After 1 year, Ashok has achieved the following goals:
  1. Target disovery and docking studies using SeeSAR: Local docking with BioSolveIT was performed with DrugBankv5 FDA-approved dataset (~2,600 compounds). The top 30 ligands (based on binding affinity) for each target with LLE ≥ 5 and IC50 < 1 nM, were identified, and the ligand space was analyzed. We found 13 ligands shared by >= 3 targets. We found that ligands binding 3 targets could be optimized for their ADMET properties using a custom RL-based MCTS model, yielding: (I) OC[C@@H]([NH2+]CC[NH2+][C@H](CO)CC)CC , optimized to CC[C@@H](CO)[NH2+]CC#[PdH2+][C@@H](CC)CO ; (II) P([O-])([O-])(=O)C(P([O-])([O-])=O)(O)CC[N@H+](CCCCC)C , optimized to *C=CCC[N@H+](C)CCC(O)(P(=O)([O-])[O-])P(=O)([O-])[O-] ; (III) SC[C@H]([NH2+]CC[NH2+][C@H](C(=O)OCC)CS)C(=O)OCC , optimized to CCOC(=O)[C@H](C=S)[NH2+]CC[NH2+][C@@H](CC)C(=O)OCC ; and (IV) O=C(N1CCOCC1)NCC[NH2+]C[C@H](O)COc2ccc(O)cc2 , optimized to O=C(*CC[NH2+]C[C@H](O)COc1c#cc(O)cc1)N1CCOCC1 .
  2. Chemical Space Docking studies using infiniSEE: We applied Tanimoto cutoff = 0.85 on the pooled dataset of Lotus, IMPPAT, DrDukes and FDA-approved DrugBank, to yield 27k compounds for virtual screening. We restricted our attention to four targets with defined binding pockets: GABBR2, FUT8, ESM1, and GNG4. FlexX docking of the 27k library against the 4 targets yielded the best candidates ranked on docking score, predicted affinity, LLE, and drug-likeness estimates. The top-ranked ligands all came from Dr Dukes. They was subjected to fragment-based optimization with FastGrow. Using these ligand as a three-dimensional query template, we executed CSD for analogue expansion with ChemRiya, and validated the results with Ftrees pharmacophore similarity: (1) FUT8 showed a high-confidence lead, N6-Ethyladenine nucleotide, with affinity 4.0 µM; LLE 4.78; docking score -32.92; and FTrees score: 0.906, appropriate as ATP-mimic. (2) GNG4 showed a promising hit, but overly lipophilic LLE.

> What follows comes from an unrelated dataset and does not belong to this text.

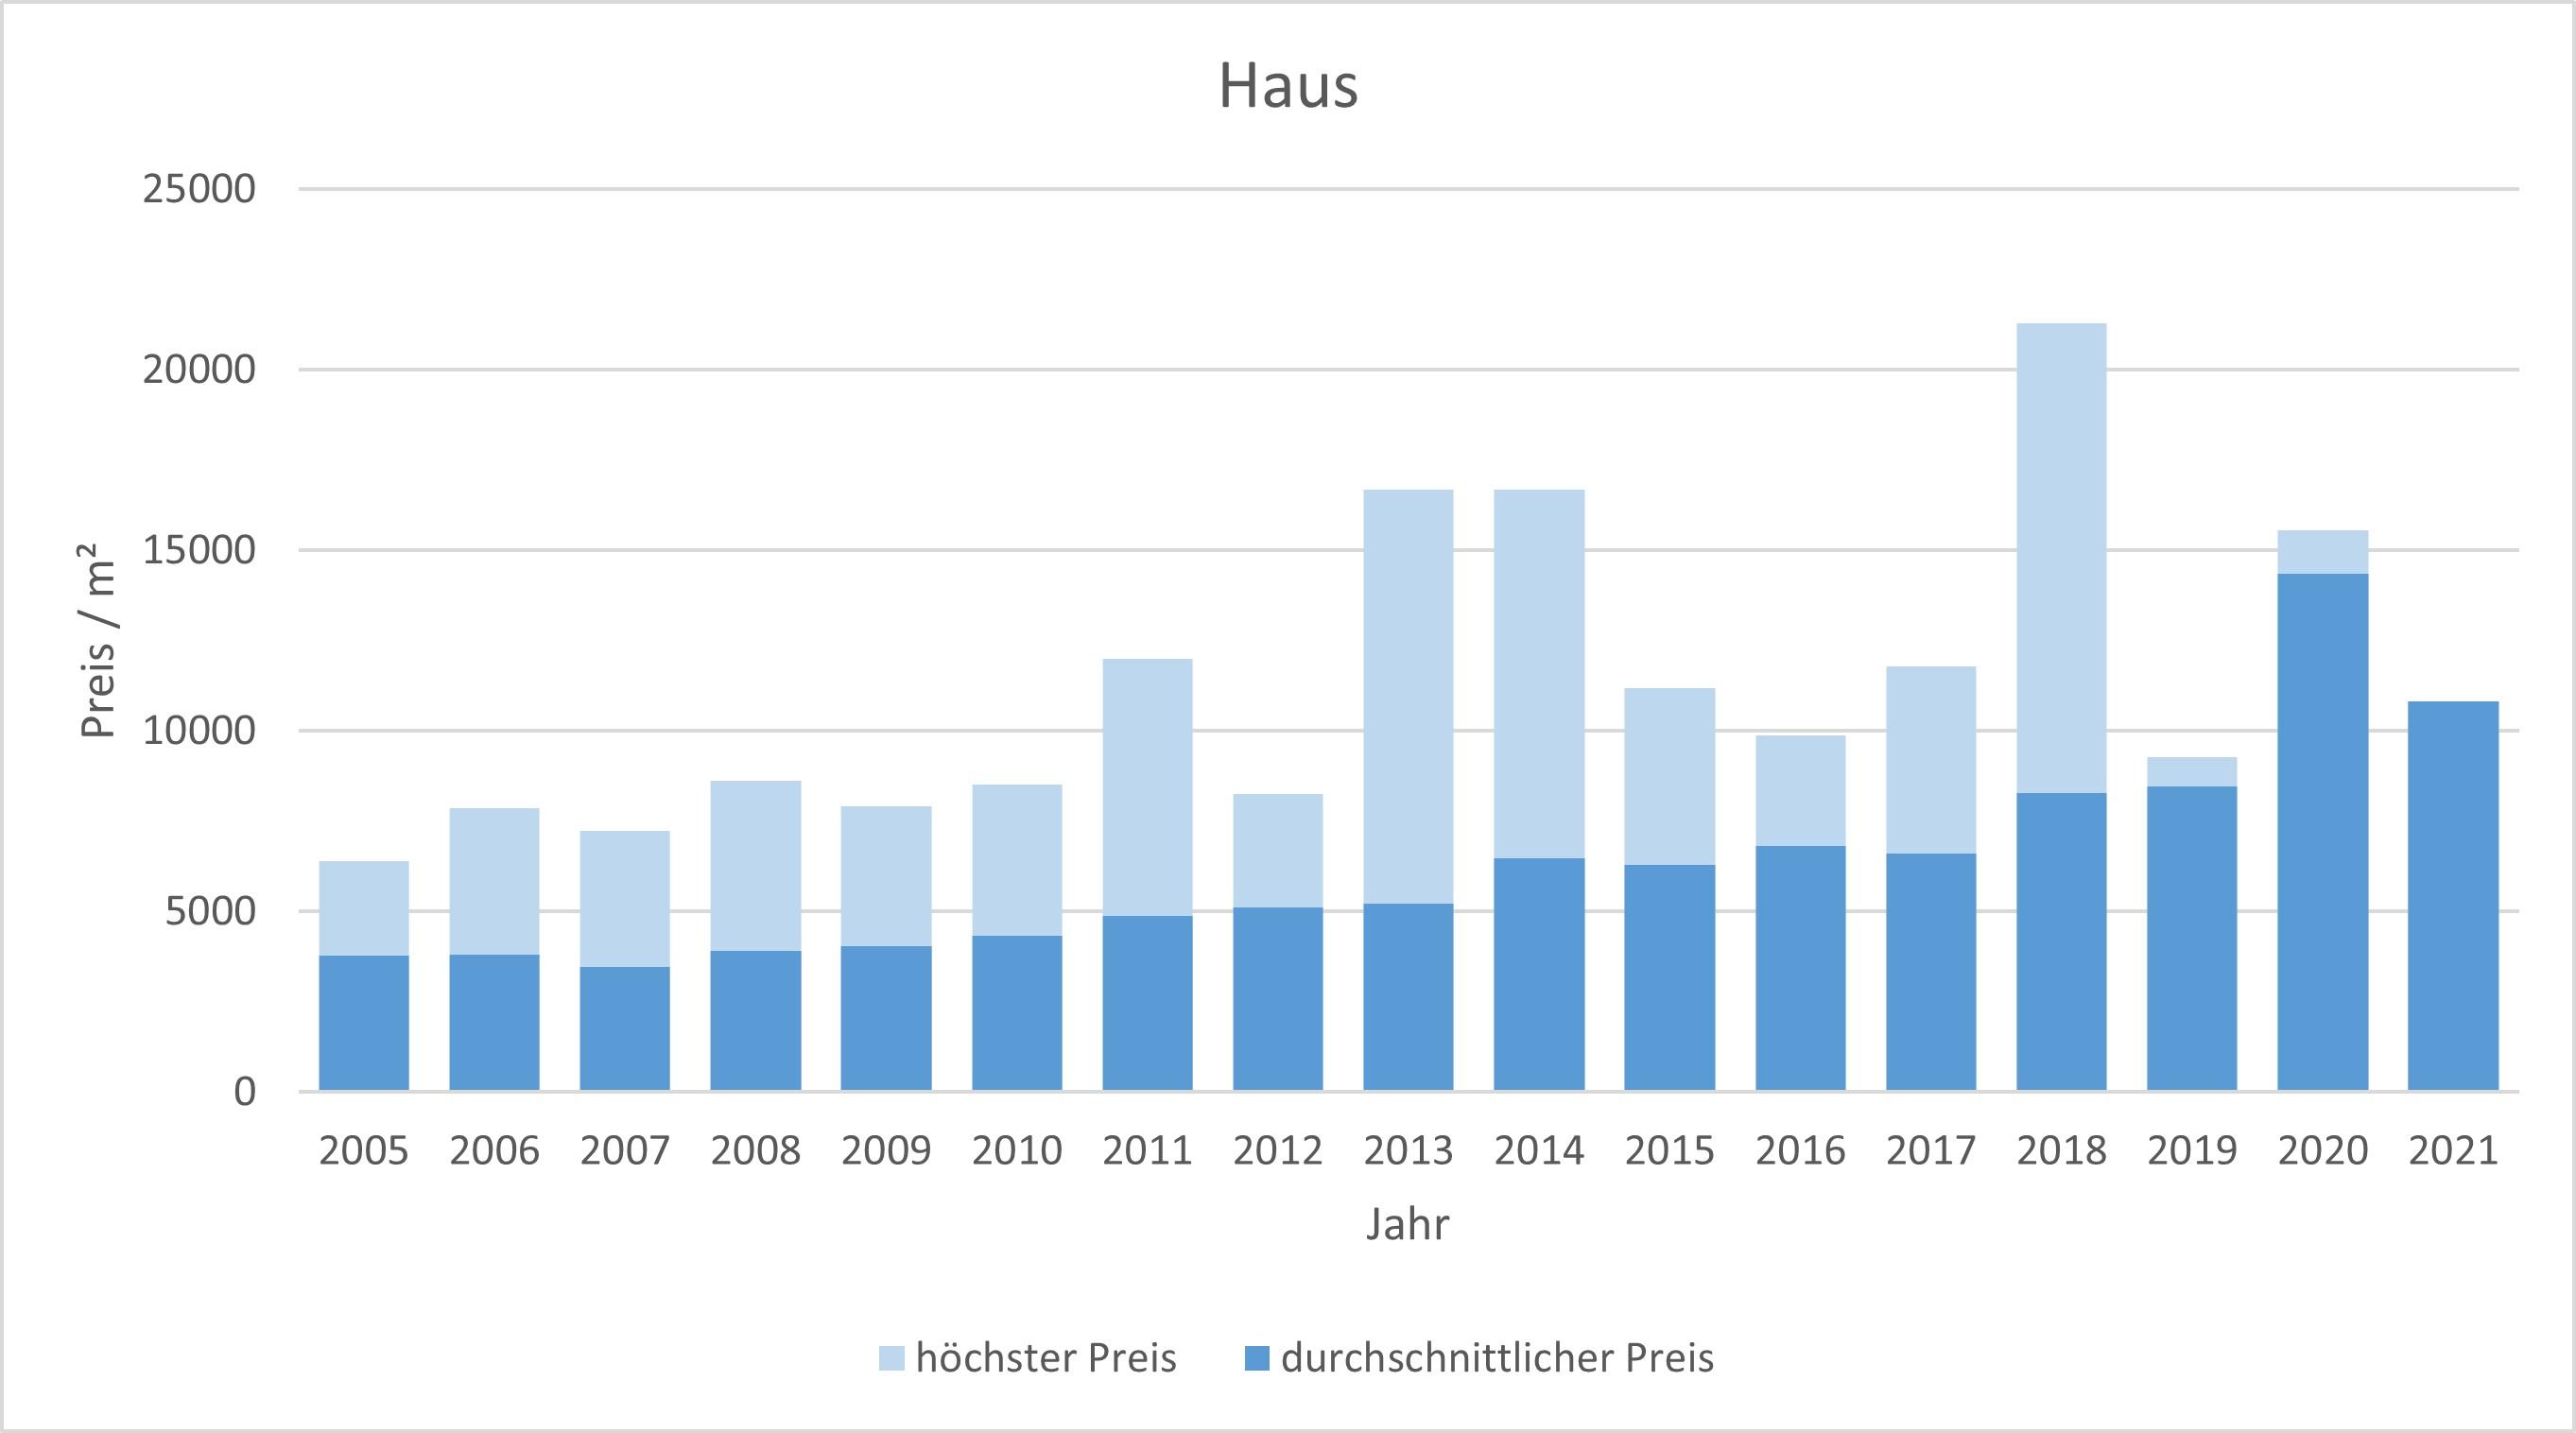 Straßlach - Dingharting Haus kaufen verkaufen Preis Bewertung Makler 2019 2020 2021 www.happy-immo.de

  3. Creation of Chemical Space for Natural Products using CoLibri: We used all NP databases of interest incl. COCONUT along with FDA-approved drugs in DrugBankv5 and followed a three-phase protocol to identify the building blocks (1) Intra-db deduplication, while preserving regioisomers and stereoisomers; (2) Inter-db Clustering by Butina on the Morgan fingerprints at Tanimoto threshold = 0.85. (3) Building Block Extraction using the cluster centroids, by following BRICS and RECAP fallback strategy to ensure complete fragmentation. The process yielded 813,662 compounds, 362,013 cluster representatives, and 114,035 building blocks in the respective phases. These were combined with 105 Reaction SMIRKS in 8 categories (from eMolecules Cookbook and Hartenfeller et al, JCIM, 2011) using CoLibri to yield ~2GB chemical space file in a proprietary Tree-based Feature Space, enumerable into ~2B compounds. This resource could be used in infiniSee for synthetically accessible CSD powered by HPSee.